Le caratteristiche dello studio sono davvero uniche. 136 bambini attorno ai due anni di età, che stavano in orfanotrofio dalla nascita o comunque da pochi mesi dopo la nascita, sono stati divisi in modo casuale (random) in due gruppi, uno inviato in affidamento e l’altro che è rimasto in orfanotrofio. Una scelta che all’istante lascia perplessi, ma occorre sapere che, prima di questo progetto, a Bucarest non c’era un programma di adozioni, che quindi inizia con l’attività del gruppo statunitense, che copre le spese di affidamento e l’addestramento di assistenti sociali che avranno il compito di fornire un costante supporto alle famiglie affidatarie. Infine, lo studio ha previsto un gruppo di controllo formato da bambini di Bucarest della stessa età che vivono in famiglia. Tutti i bambini sono stati osservati per circa 8 anni ad intervalli regolari, monitorando il loro sviluppo intellettivo e comportamentale fino quindi a un’età compresa tra i 9 e gli 11 anni. Infine, un campione per ognuno dei tre gruppi è stato selezionato per essere sottoposto a una minuziosa ed estesa indagine cerebrale realizzata con la tecnica della Diffusione del tensore. Questa tecnica, in sigla DTI (immagini di diffusione del tensore), consente di visualizzare i fasci di fibre di materia bianca che connettono le aree cerebrali tra di loro.

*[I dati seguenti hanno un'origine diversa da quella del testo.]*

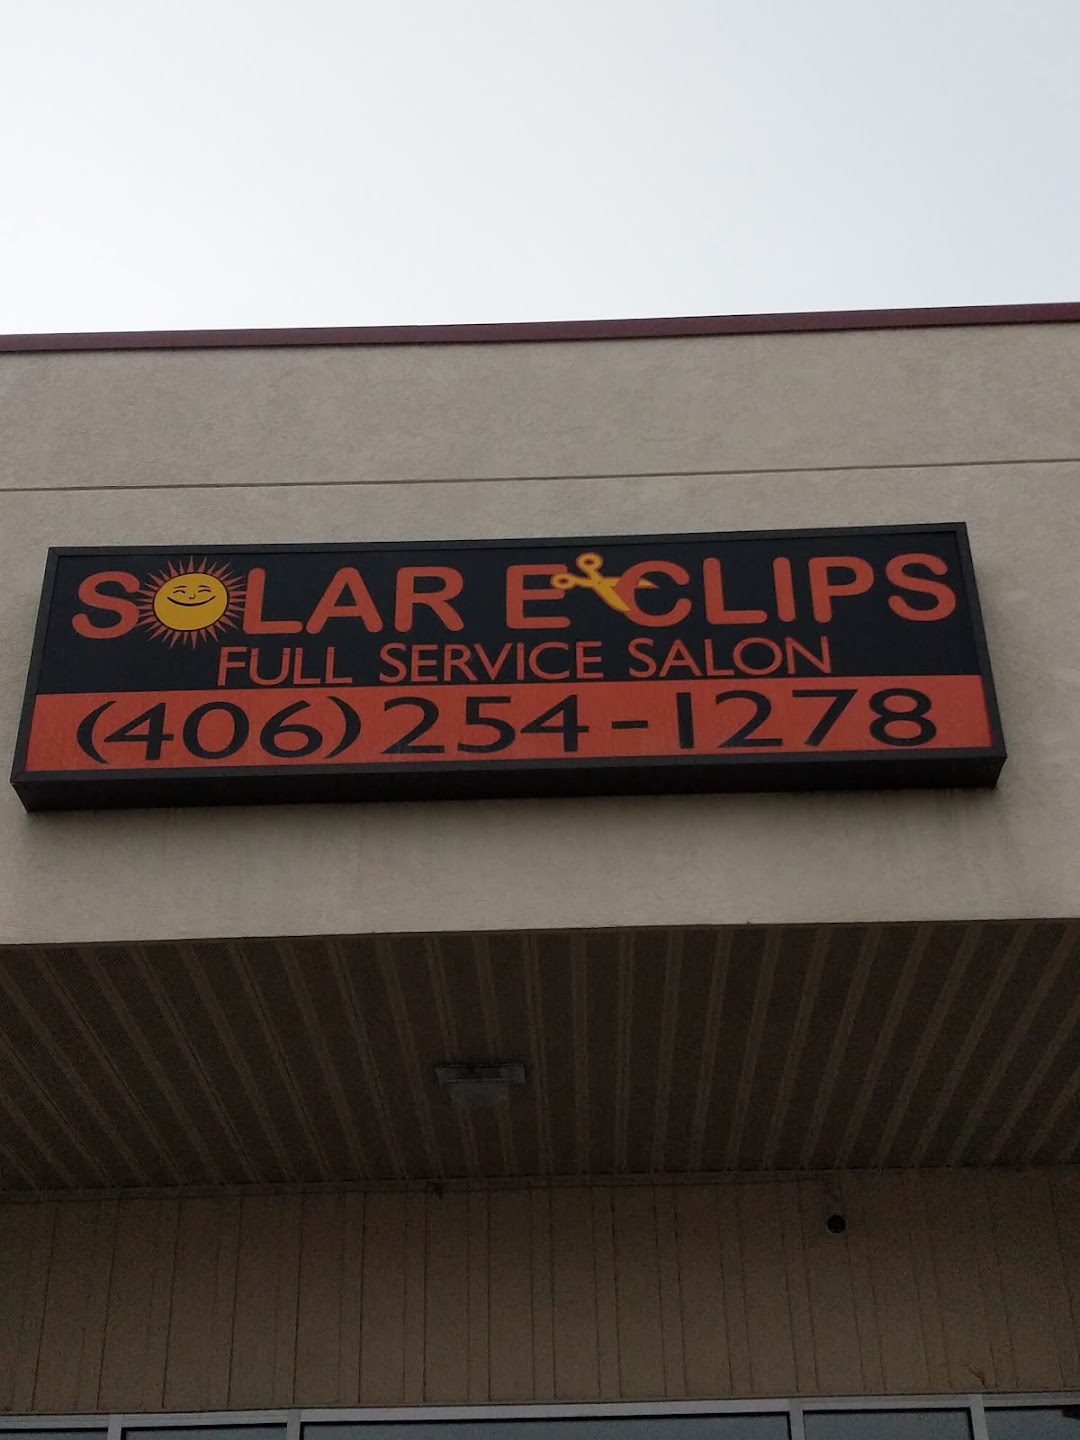 Solar E Clips

I bambini in orfanotrofio hanno mostrato alterazioni nella microstruttura della materia bianca in una serie di circuiti e segnatamente: la parte centrale (cosiddetto body) del corpo calloso, il cingolo, la corona radiata, il fornice, la capsula esterna, l’area retro-lenticolare della capsula interna e il lemnisco mediale. Le immagini cerebrali di tutti questi circuiti cerebrali dei bambini istituzionalizzati, con l’unica eccezione dell’area retro-lenticolare della capsula interna, mostrano deficit di collegamento, che spiegano anche i disturbi comportamentali, cognitivi e nella gestione delle emozioni che, con maggiore frequenza, sono presenti in questi bambini abbandonati. Intrigante è l’eccezione dell’area retro-lenticolare della capsula interna che, invece d’ indebolirsi, si mostra ispessita e quindi più funzionale. Quest’area fa parte del sistema visivo ed è l’area sensoriale studiata assieme al lemnisco mediale, che è una via nervosa che trasporta la sensibilità dal corpo al cervello, che invece è deficitaria come tutti gli altri circuiti. Verrebbe da pensare che negli orfani istituzionalizzati ci sia una maggiore acutezza visiva, come necessità di stare sempre in allerta, e una scarsa sensibilità tattile, un ottundimento dei sensi dalla mancanza di carezze e più in generale da scarso contatto umano .

I bambini in affidamento invece mostrano immagini cerebrali del tutto simili ai bambini che vivono in famiglia, anche se alcune alterazioni nella materia bianca sono ancora visibili nel corpo calloso e nella corona radiata. Questo studio è di grande importanza non perché sia il primo. Da ultimo un lavoro del gruppo di RJ Davidson dell’Università del Wisconsin-Madison, su Biological Psychiatry del 15 febbraio, documenta, in bambini abbandonati o sottoposti ad abusi fisici o a miseria economica, alterazioni strutturali su aree di materia grigia fondamentali come l’amigdala e l’ippocampo. L’ importanza dello studio di Harvard sta nel fatto che è un disegno randomizzato controllato, di tipo prospettico con all’interno la dimostrazione che l’affidamento familiare non è solo un obbligo etico verso questi “innocenti” (da cui prese il nome il famoso orfanotrofio di Firenze), ma è anche un intervento sanitario efficace, che anche nel nostro Paese, che pur ha abolito a partire dal 2006 gli orfanotrofi, sarebbe il caso di estendere senza indugi. Sono circa 15.000 i minorenni affidati a case famiglia, che certamente non sono orfanotrofi ma che ovviamente non sono neanche una famiglia, con un costo economico stimato di oltre 40.000 euro l’anno a bambino. Questi soldi potrebbero essere spesi meglio.